### YOUR TASK
Once the pictures are set aside, transcribe each line of the listing exactly.

### DATA EXTRACT
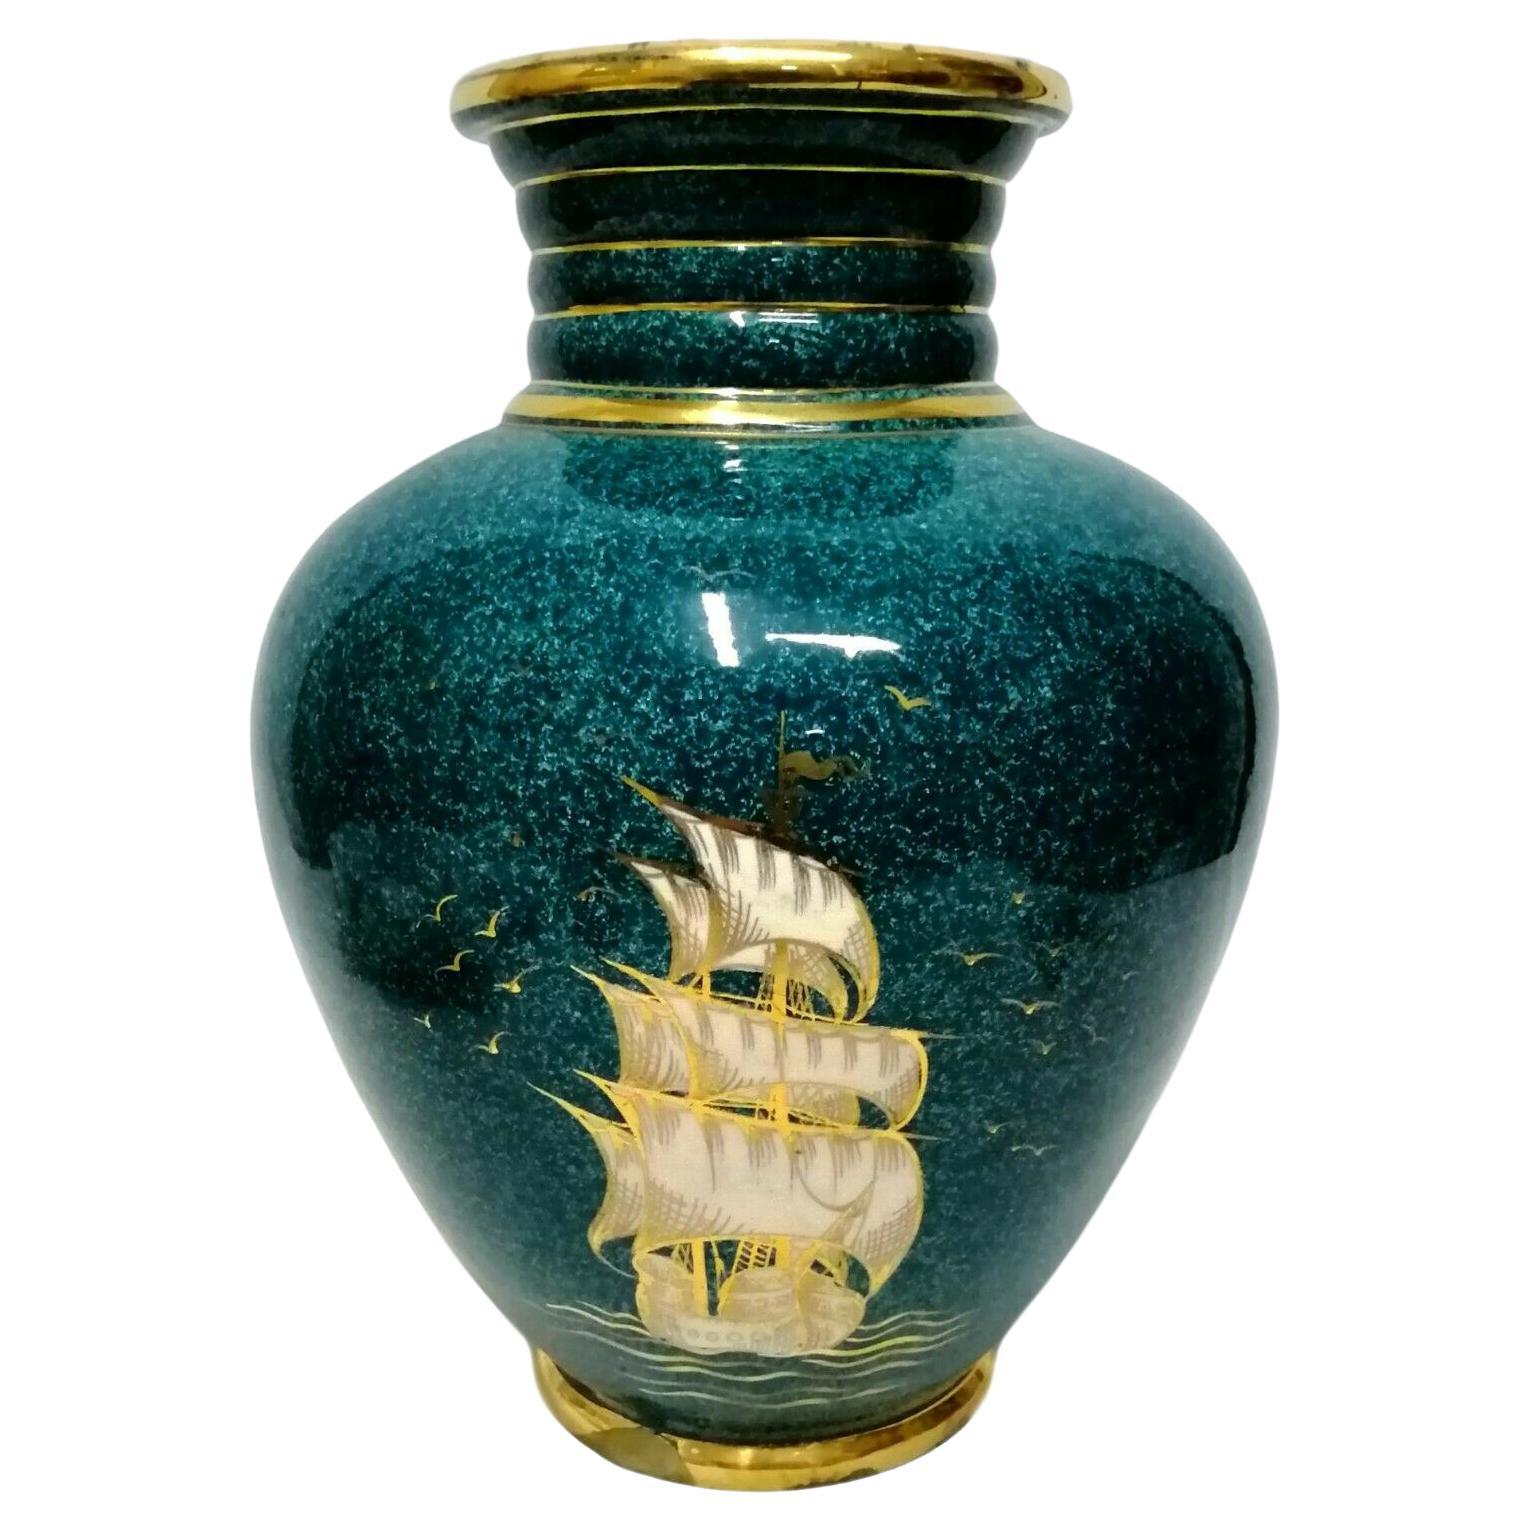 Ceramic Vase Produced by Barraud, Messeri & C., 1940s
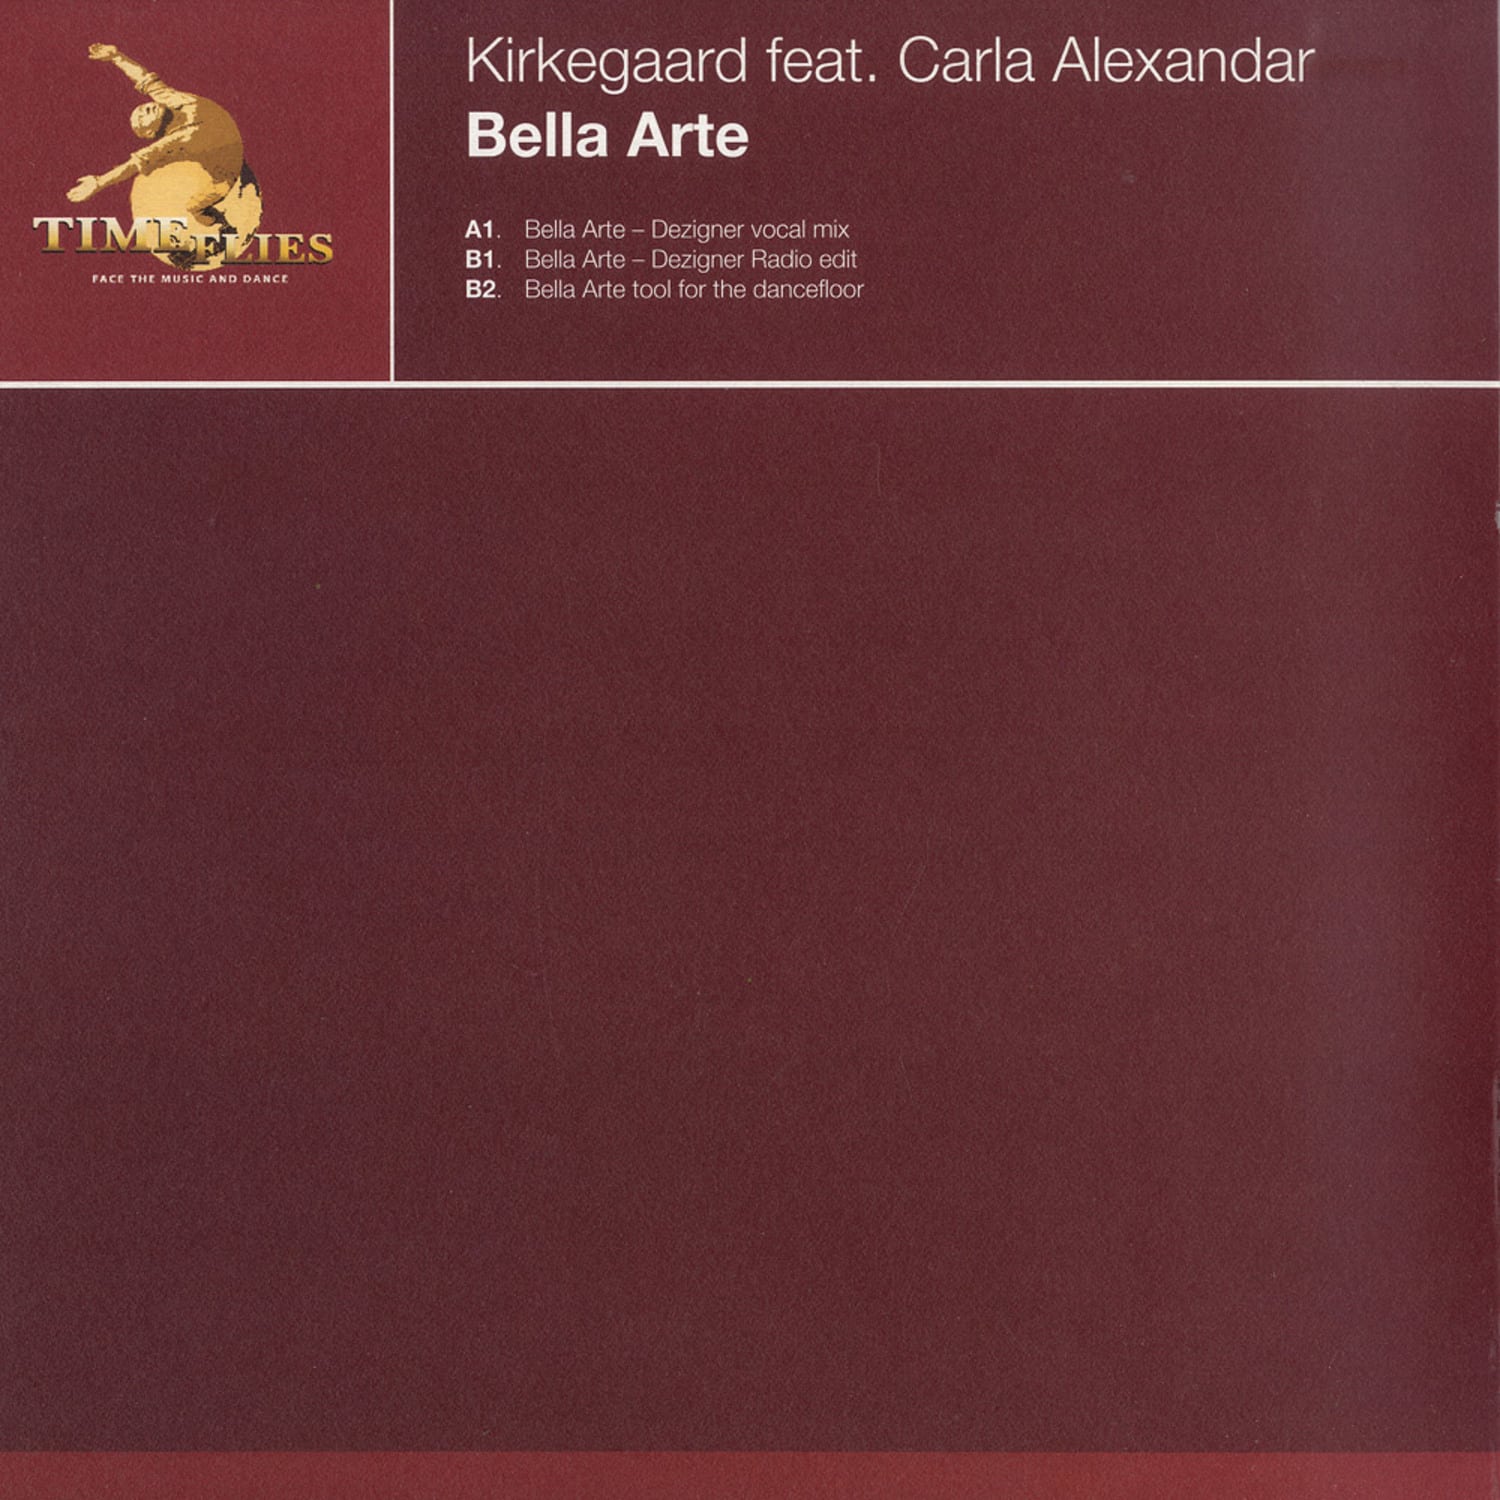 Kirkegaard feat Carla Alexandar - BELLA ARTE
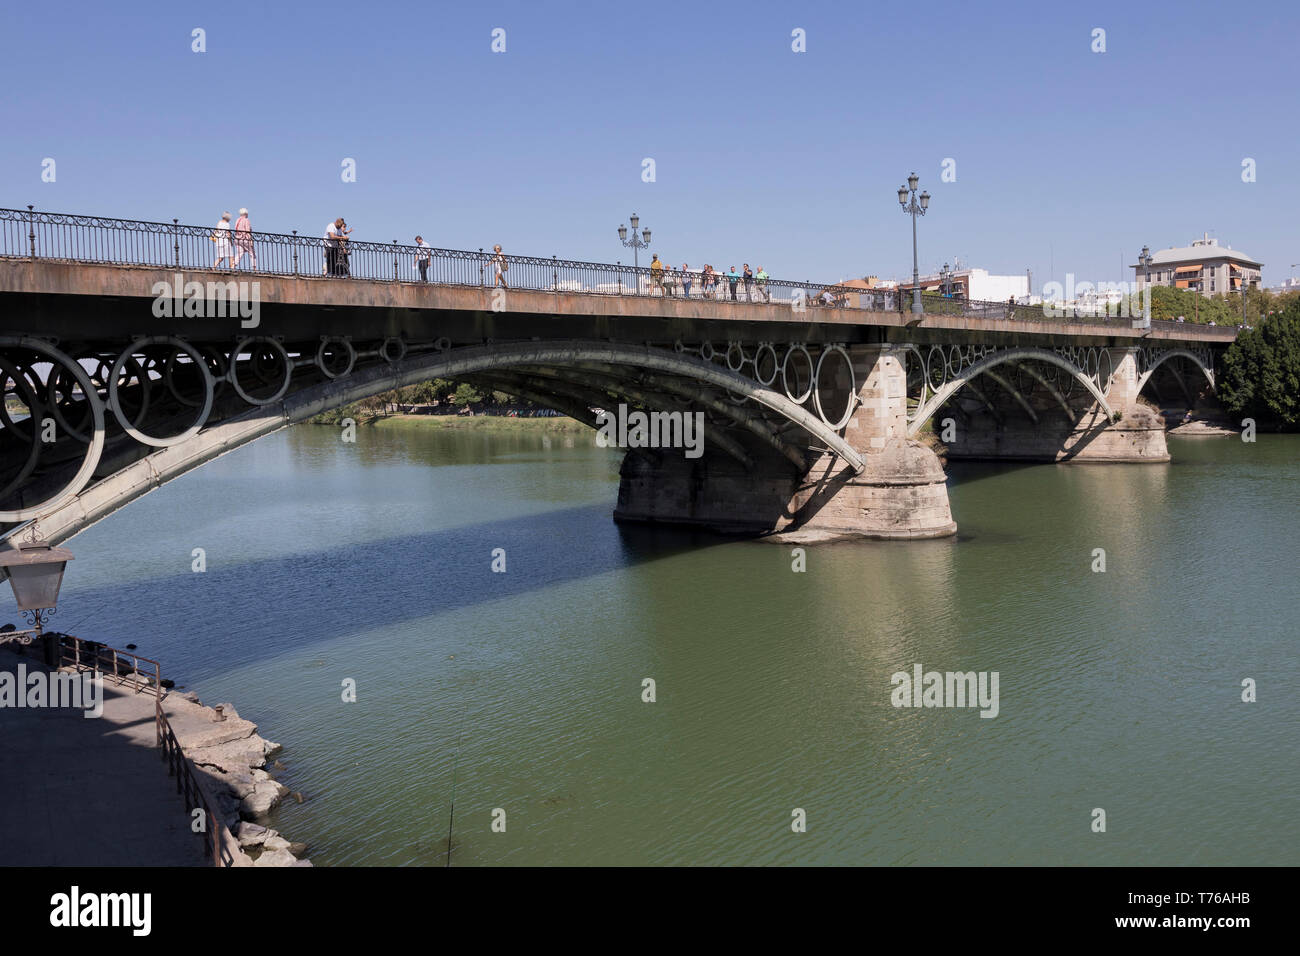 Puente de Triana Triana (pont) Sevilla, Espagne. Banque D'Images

### COMPLETED TASK
 Ceramic Vase Produced by Barraud, Messeri & C., 1940s
 Kirkegaard feat Carla Alexandar - BELLA ARTE
 Puente de Triana Triana (pont) Sevilla, Espagne. Banque D'Images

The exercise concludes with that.